А потом настало лето. Ночью долго смотрел сон – там текла вода. А потом проснулся, попытался встать – и понял, что не получается. Забыл как это сделать…
Лехтев, тогда прибывший с неотложной помощью восстановительного и настоявший на подробном обследовании, на Яржэна был непохож. Рослый, объемней, чем немаленький Оилья, с очень громким и очень эмоционально насыщенным голосом. И выговаривать этим громким голосом со всем напором, что он думает об отношении пациента к собственной безопасности, себе не отказывал. Другая жизнь начиналась с совсем отдельной жары, что втекала в открытую створку окна, не рассеивалась в прохладном воздухе восстановительного, отдельно ощущалась потным, вот только вспоминающим, как что-то чувствовать, кроме боли, еще не совсем своим телом. Почти под слезы на глазах – под командное: «Согни – выпрями… Теперь в локте. Теперь попробуй присесть», - никогда в голове не укладывал, что привычные движения так… уязвимы и так трудно даются. Ладно, что больно. А, завершив команды, лехтев и загрохотал: «Скажи, силач – ты где о себе думал? И, еще интересней, что? За помощью не пойдешь – пока встать не сможешь, что ли?» И тоже своеобразное упражнение – расцепить зубы и говорить: «Но я… встал?» «Встали, ньера Оилья эс Саиргасса, - этот храмовый говорит тихо. – Теперь прошу вас садиться». Приглашает к экрану, дальше говорит негромко – просто слышно слишком близко: «При среднем поражении – надо было постараться такую… поросль запустить».
Как его зовут, сейчас, глядя на облака, Оилья не мог вспомнить. Того, на ком жизнь и ожидания от своего места за раз и болезненно сломались. На гулком: «При текущем фоне присутствия Изнанки состояние останется средней стабильности. В ключевые точки года возможны рецидивы. Обращайтесь за помощью вовремя».
И разломилось совсем. Там, где экран показывал тусклым, светлым и синим. Смотрел на свой организм – и сейчас, на облаках, снова видел отражение старого экрана: как по нему плелась… грибница. Синяя. Яркая. А тот же лехта… Яржэн эс Бранек тем же спокойным голосом говорил. Что поражение развивается значительно быстрей, чем предполагалось по средним случаям. Что: «Я вам настоятельно советую сменить профессиональную деятельность. На менее расходную». И тому вслед: «Я надеюсь, вы понимаете, что разрешение на детей с таким уровнем здоровья и ответственности вы получить категорически не можете, - понимал, но храмовый все же тратился на объяснения. – Споры Изнанки наследуются с крайне высокой вероятностью. И приводят к гибели родившихся в течении одного-двух малых лет».

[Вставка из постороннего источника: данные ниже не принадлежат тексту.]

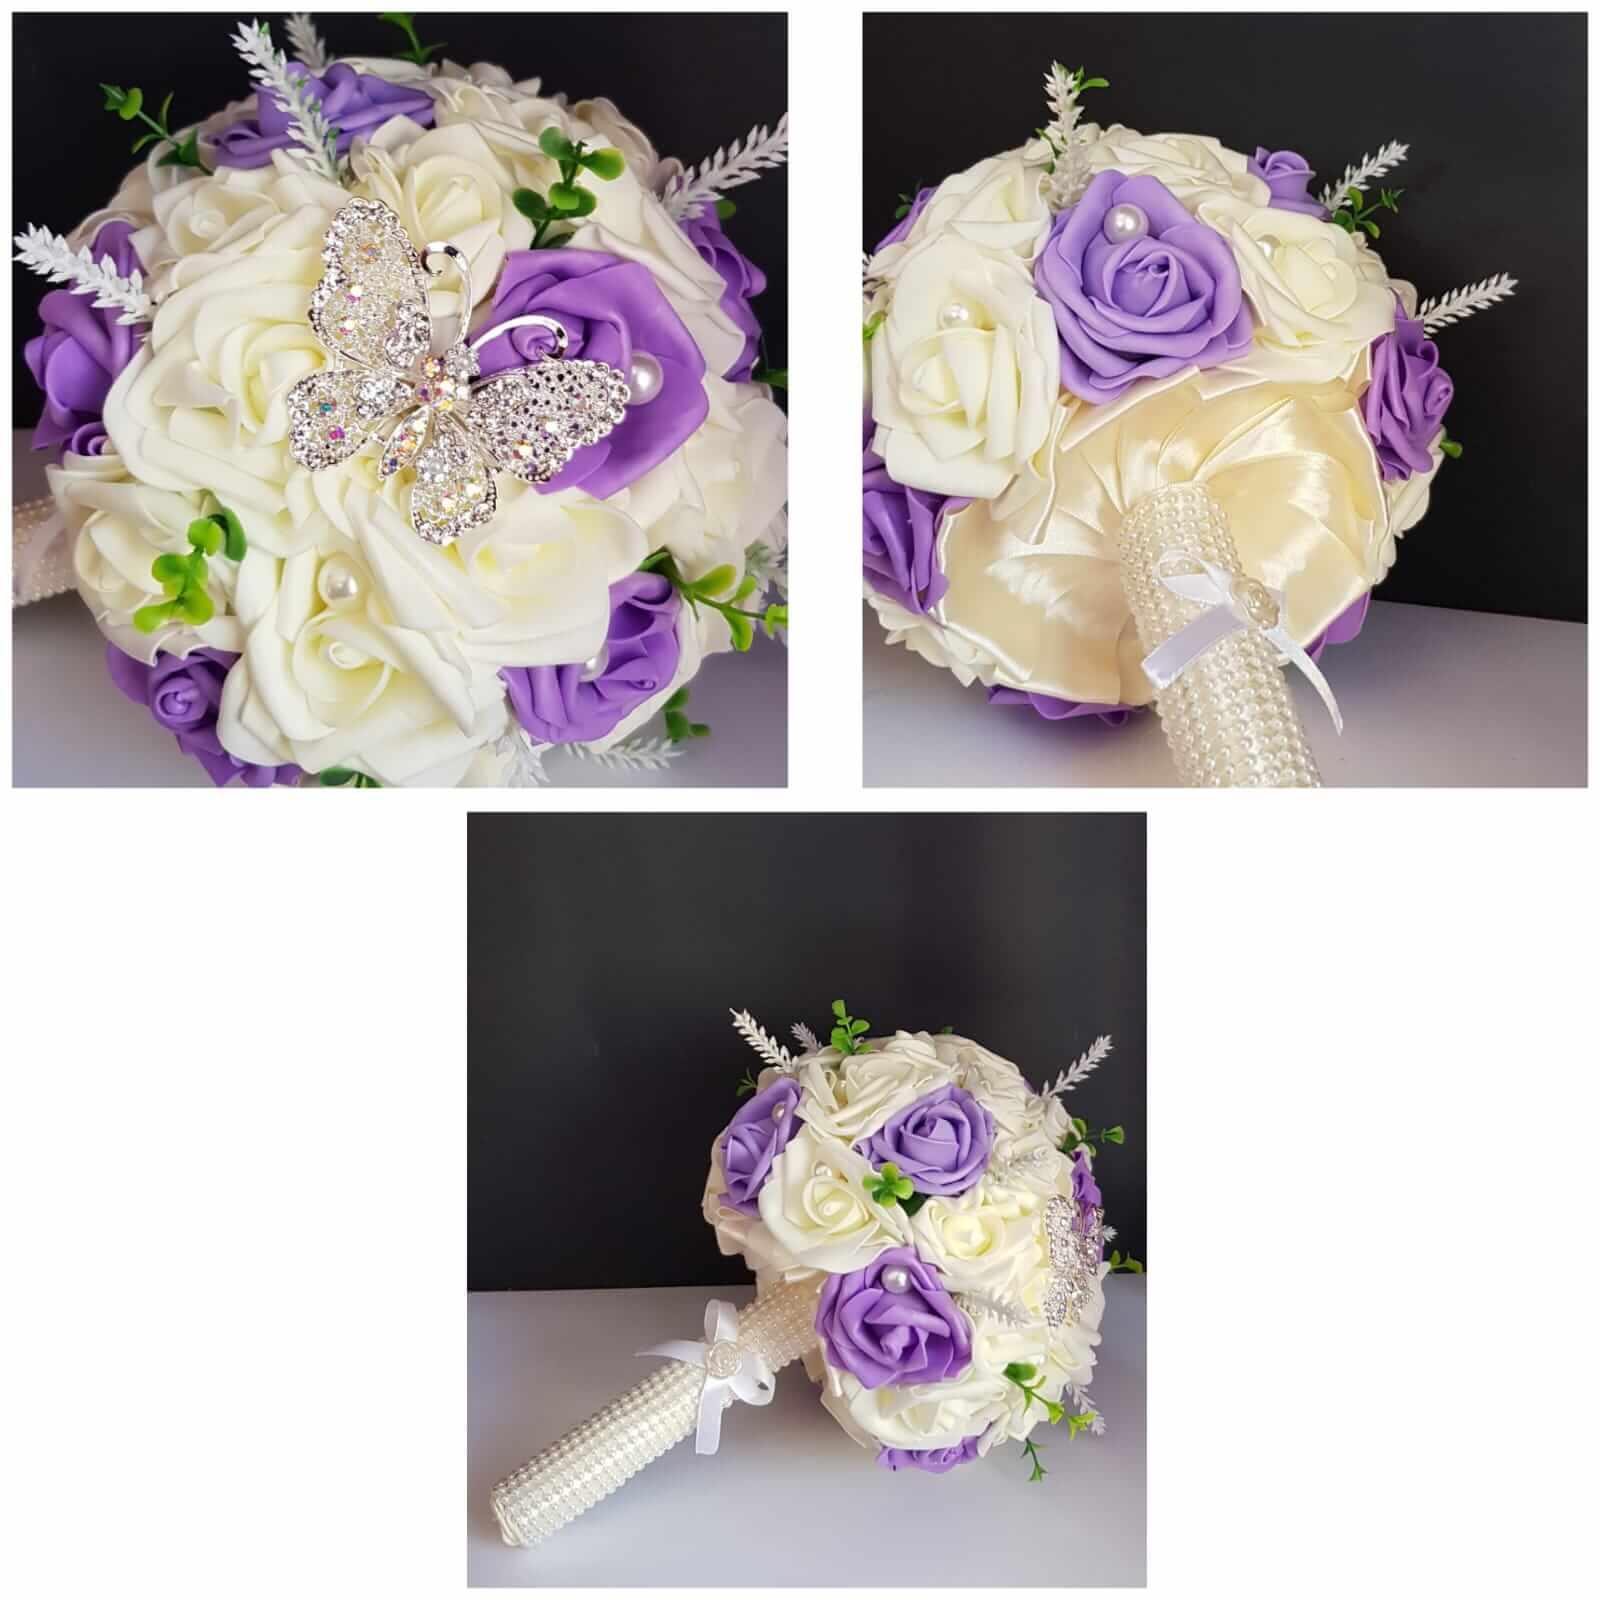 ramo de novia ramo de novia - ramos novia 7 - Ramo de novia

Молчал. Собирал в слова. Собралось: «Надо было думать, что делать. Я сделал - и я отвечу». Храмовый говорил рядом. И позволил себе отпустить, что думать - это имеет смысл. И продолжал об обязательных восстановительных периодах. И отдельно: "Вы знаете по служебным обязанностям, что в этот год зимнее солнцестояние нашего времени мира совпадет с Календарем звездных лет. Это означает предельно высокий прилив Изнанки, что может оказаться опасен для города, для вас предельно опасен. Я настоятельно рекомендую вам провести эти дни Somilat в безопасном месте. Если вы примете, мы готовы предоставить вам гостевой дом на храмовой территории и возможную защиту».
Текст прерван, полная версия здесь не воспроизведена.